Video Vignettes of Sisters of Divine Providence via SisterStory

Kimberly Yosko, ACDP’s “Here’s My Secret” interview re her SisterStory on Sister Elsa Garcia. She is a Lutheran who has learned about Catholicism via the CDP and OLLU: “… open my heart to see the different ways people worship and glorify God.” “Let God bring you through whatever it is..” Kimberly is an OLLU December 2016 graduate, Journalism and English.

Elsa Garcia, CDP on Abstinence: regarding her choice to become a member of the Congregation of Divine Providence — “You don’t decide who you fall in love with, you decide if it is love.”

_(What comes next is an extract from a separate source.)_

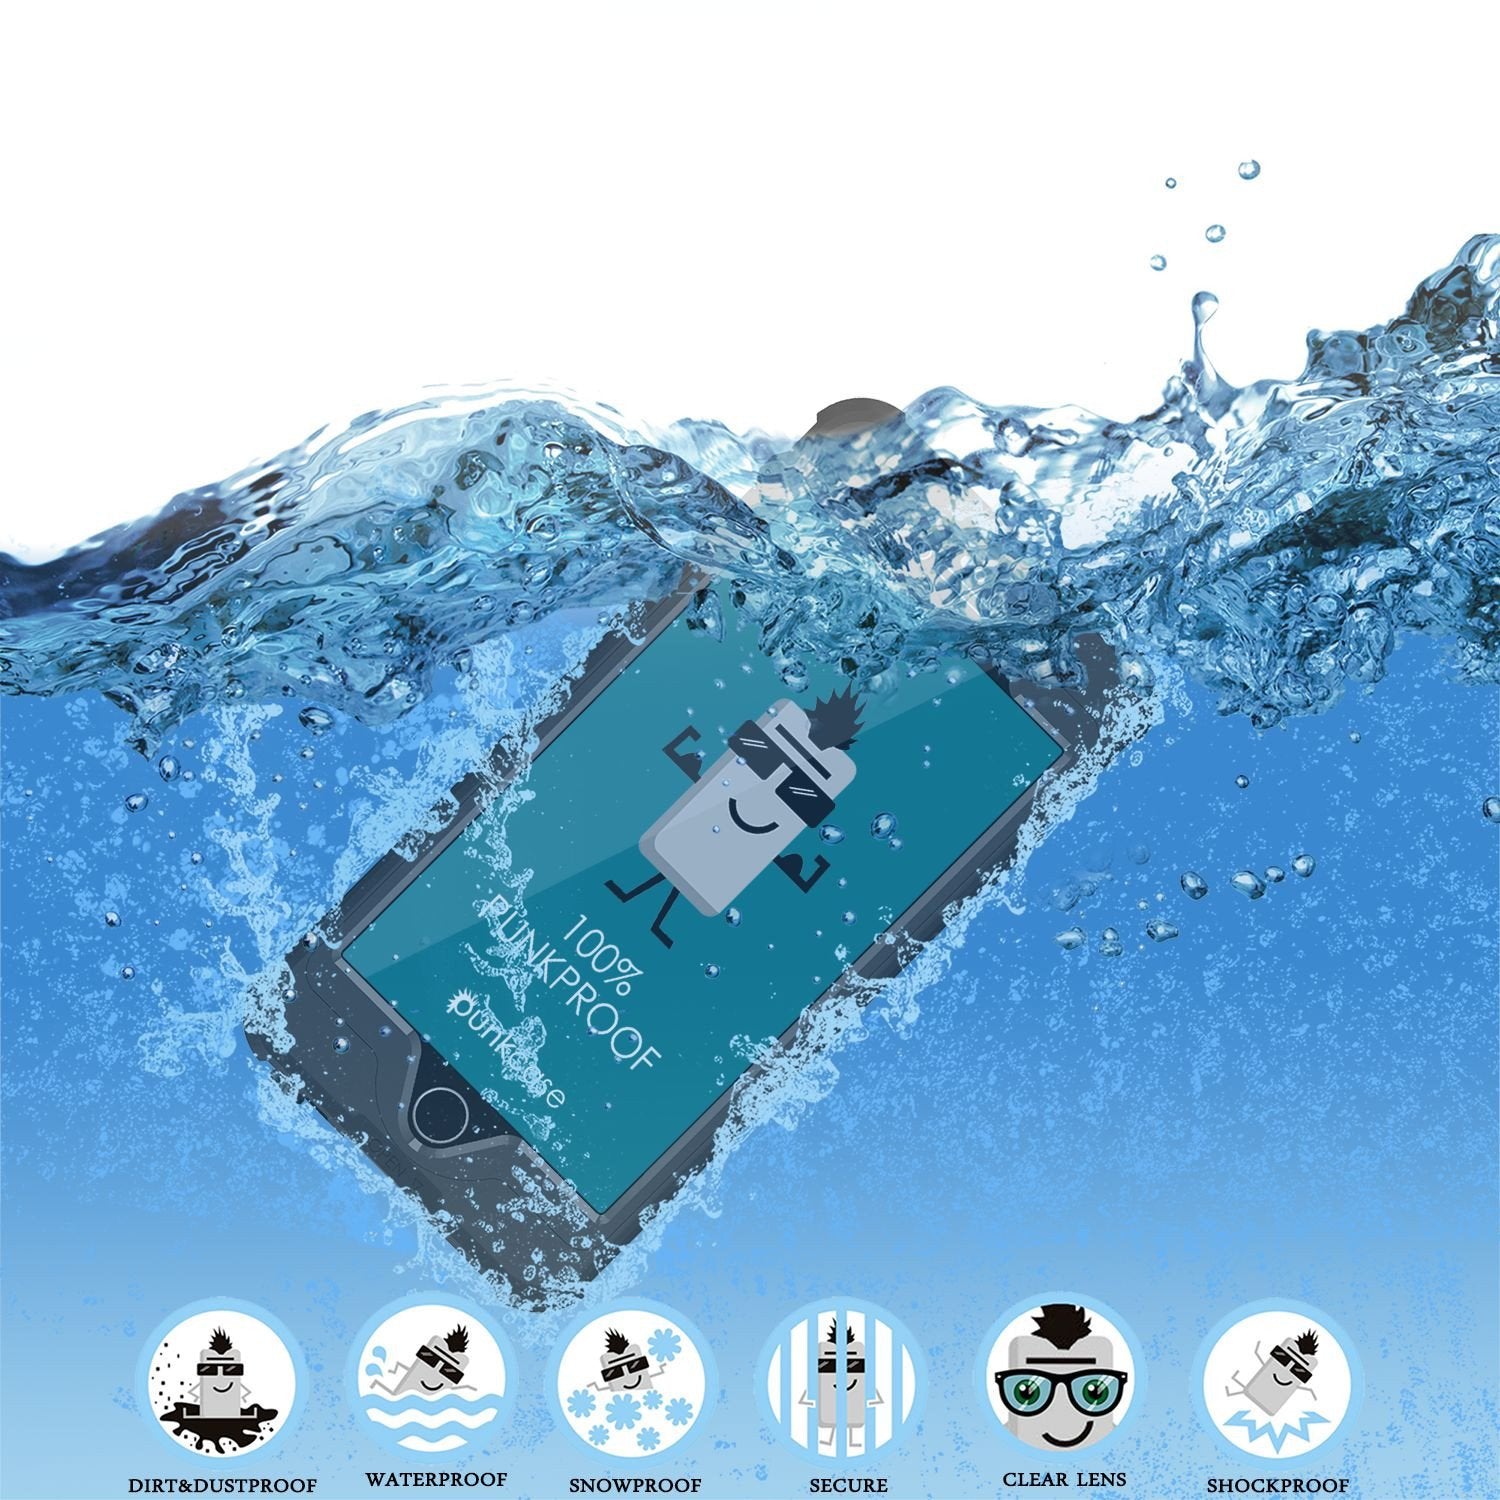 iPhone 6s/6 Waterproof Case PunkCase StudStar Black w/ Attached Screen Protector | Lifetime Warranty

Pearl Ceasar, CDP on Vatican II: “I want to embrace all the things God has in store and embrace them graciously.”

Michelle Nuñez, ACDP, OLLU student majoring in Social Work and minoring in Religious Studies. Learned how much the Church is involved with the poor via the priests and women religious’ involvement with community organizing.

Joyce Detzel, CDP: Being a Mom: “you have to be a mother in all states of life: you have to be life-giving, life-generating and life-bearing… I love and mother you as I loved and mothered my son, it’s the same love but a different focus.”